What's New for Secure Configuration Assessment and Management in Windows Server 2008
Applies To: Windows Server 2008
Secure configuration assessment and management tools and services are available for the Windows Server® 2008 operating system to administer security throughout a layered defense and manage ongoing threats. The following technologies are new or changed for Windows Server 2008.
Security auditing
A new command-line tool, Auditpol.exe, allows you to set detailed audit polices on securable objects.
Additional resources for security auditing
Server security policy management
In Windows Server 2008, there are many tools that you can use to help keep your computers secure. You can use the following three tools alone or together to manage the security policies on your servers:
Security Configuration Wizard (SCW) and the Scwcmd command-line tool
Security Templates snap-in
Security Configuration and Analysis snap-in
While these tools are not new, the ways in which you use them are.
Additional resources for server security policy management
Security Configuration Wizard
The version of SCW in Windows Server 2008 includes more server role configurations and security settings than the version of SCW in Windows Server 2003. By using the version of SCW in Windows Server 2008, you can:
Disable unneeded services based on the server role.

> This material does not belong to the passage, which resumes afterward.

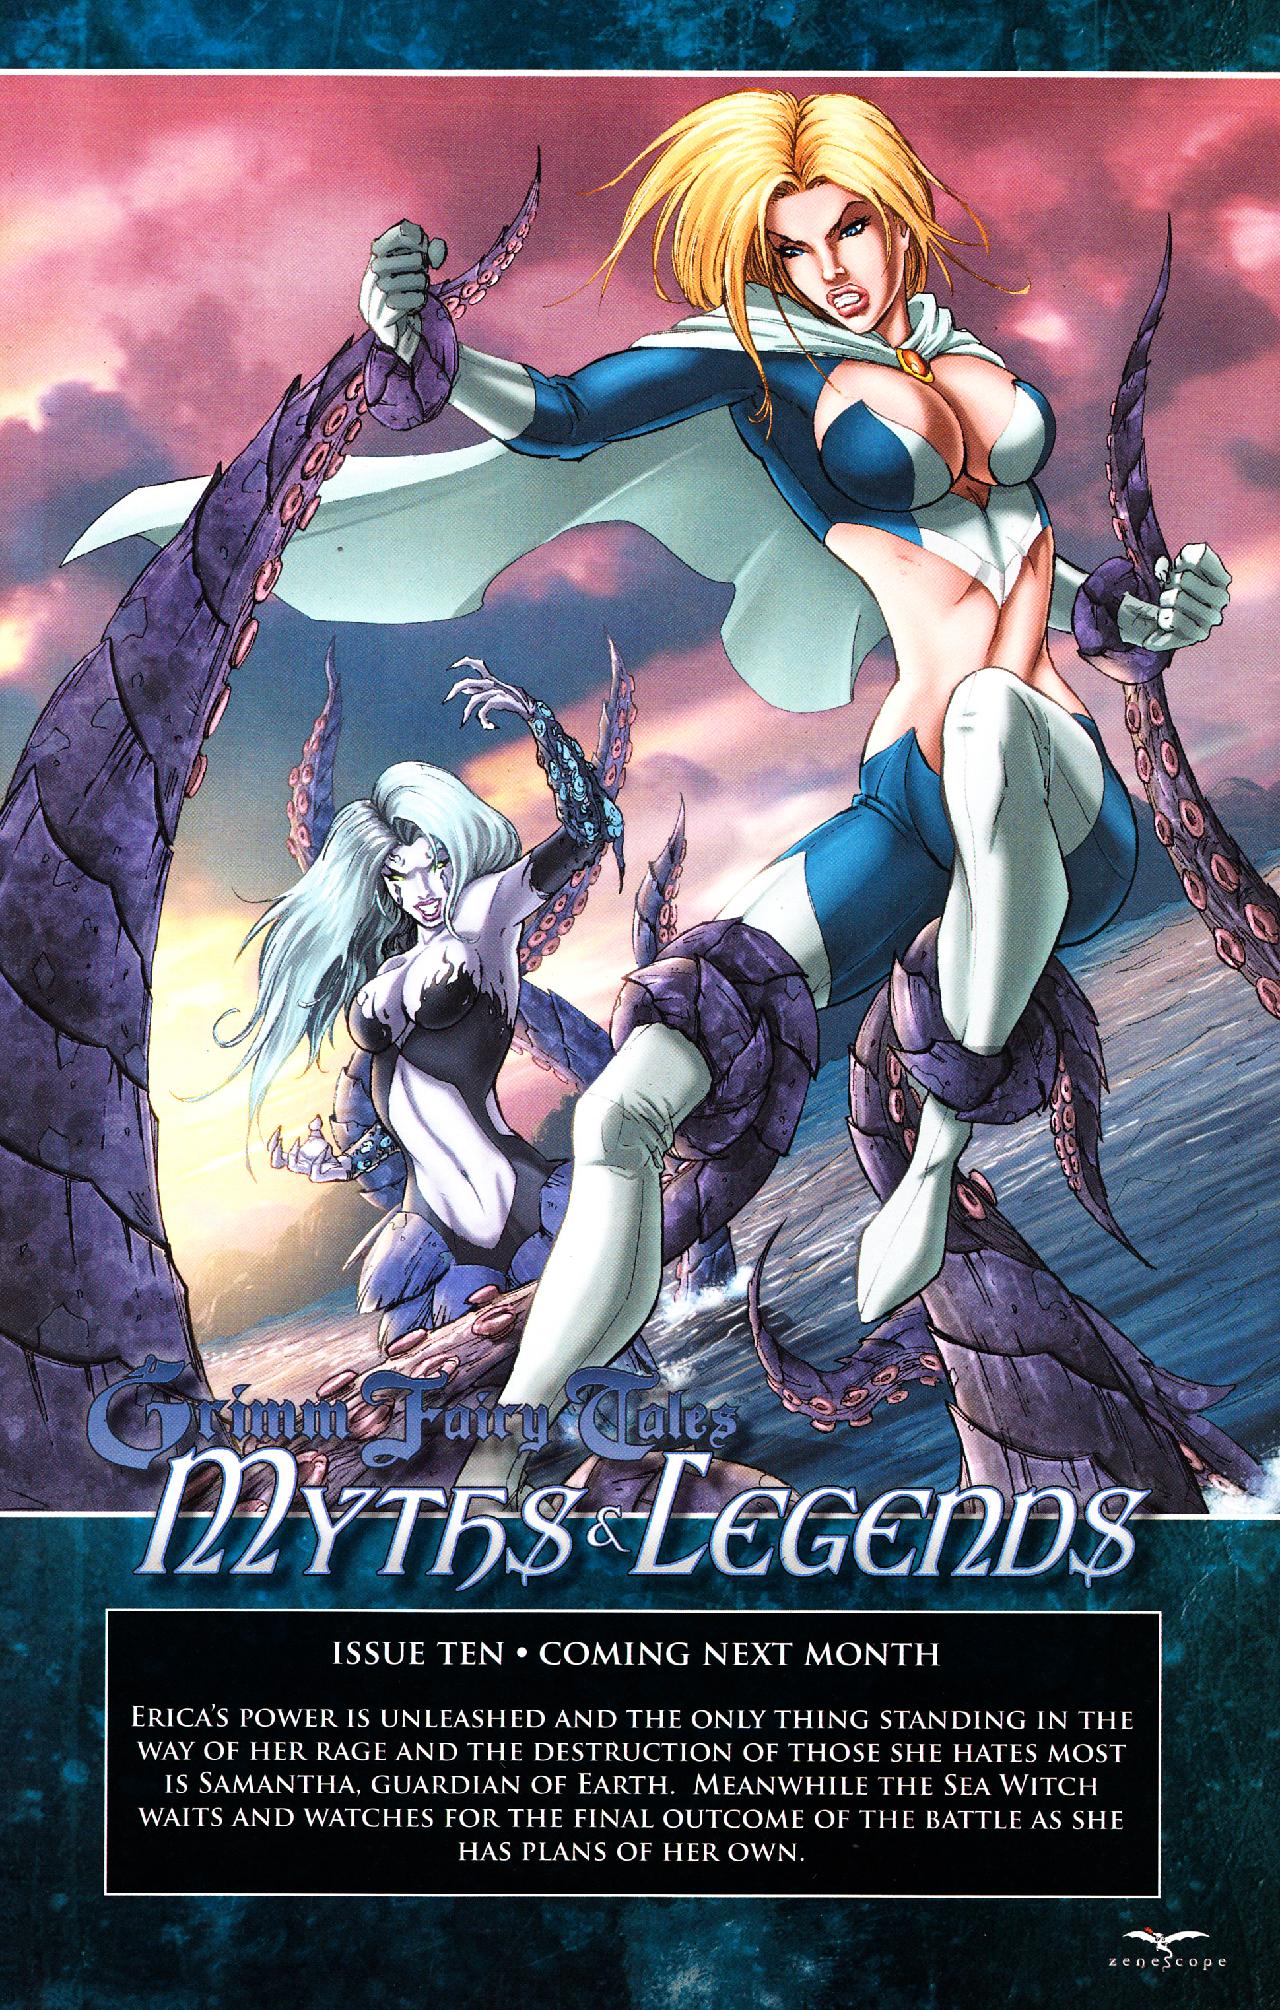 Read online Grimm Fairy Tales: Myths & Legends comic -  Issue #9 - 28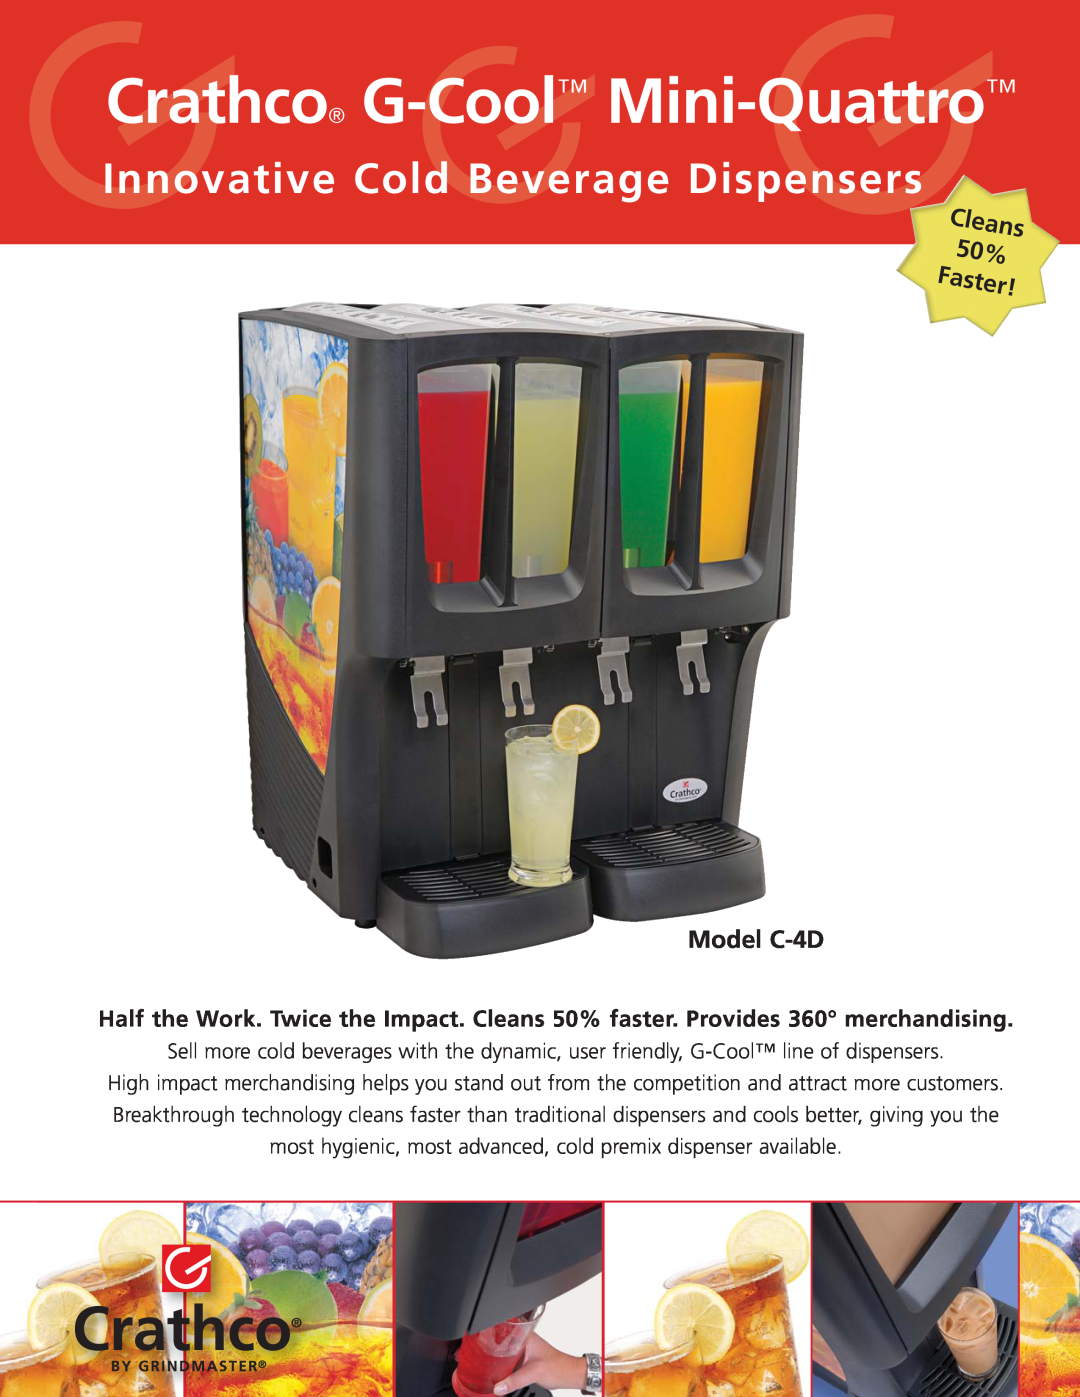 Grindmaster manual Crathco G-Cool Mini-Quattro, Innovative Cold Beverage Dispensers, Cleans 50% Faster, Model C-4D

Remove unused firewall rules and constrain existing firewall rules.
Define restricted audit policies.
Reduce protocol exposure.
Additional resources for SCW
Authorization Manager
Authorization Manager is now included with the Windows Server 2008 and Windows Vista operating systems. The following are new and improved features of Authorization Manager:
Authorization Manager stores can now be stored in an SQL database, as well as in Active Directory® Domain Services (AD DS), Active Directory Lightweight Directory Services (AD LDS), or in an XML file.
Support for business rule groups (groups whose membership is determined at run time by a script) is now available.
Support is now available for custom object pickers, so that application administrators can use the Authorization Manager snap-in for applications that use AD LDS or SQL user accounts.
The Authorization Manager application programming interface (API) now includes optimizations of common functions and simpler, faster versions of commonly used methods, such as AccessCheck.
Lightweight Directory Access Protocol (LDAP) queries are not limited to only user objects.
Additional events are recorded in the event log if auditing is active.
The use of business rules and authorization rules is controlled by a registry setting. In Windows Server 2008, rules are disabled by default. In earlier versions of Windows, rules were enabled by default.
Additional resources for Authorization Manager
Group Policy
Group Policy is an infrastructure used to deliver and apply one or more desired configurations or policy settings to a set of targeted users and computers within an Active Directory environment. This infrastructure consists of a Group Policy engine and multiple client-side extensions that are responsible for writing specific policy settings on target client computers. These are the security-related changes to Group Policy in Windows Server 2008:
Group Policy preferences
Group Policy preferences are unmanaged settings that users can change after the settings are deployed. This allows configurations that are more compatible with your IT environment and tailored to your organization's computer use.
New Group Policy categories
The new categories of policy management provide cost savings through power management, the ability to block device installation, improved security settings, expanded Internet Explorer settings management, the ability to assign printers based on location, and the ability to delegate printer driver installation to users.
Multiple local Group Policy objects (GPOs)
As an administrator, you can apply multiple local GPOs to a single computer. This simplifies configuration management because you can create separate GPOs for different roles and apply them individually, just as you can with Active Directory GPOs.
Additional resources for Group Policy
Active Directory Domain Services
Fine-grained password policies
AD DS allows you to use fine-grained password policies to specify multiple password policies within a single domain. You can use these policies to apply different restrictions for password and account lockout policies to different sets of users in a domain.
Additional resources for fine-grained password policies
Auditing
In Windows Server 2008, you can now set up AD DS auditing with a new audit policy subcategory (Directory Service Changes) to log old and new values when changes are made to AD DS objects and their attributes.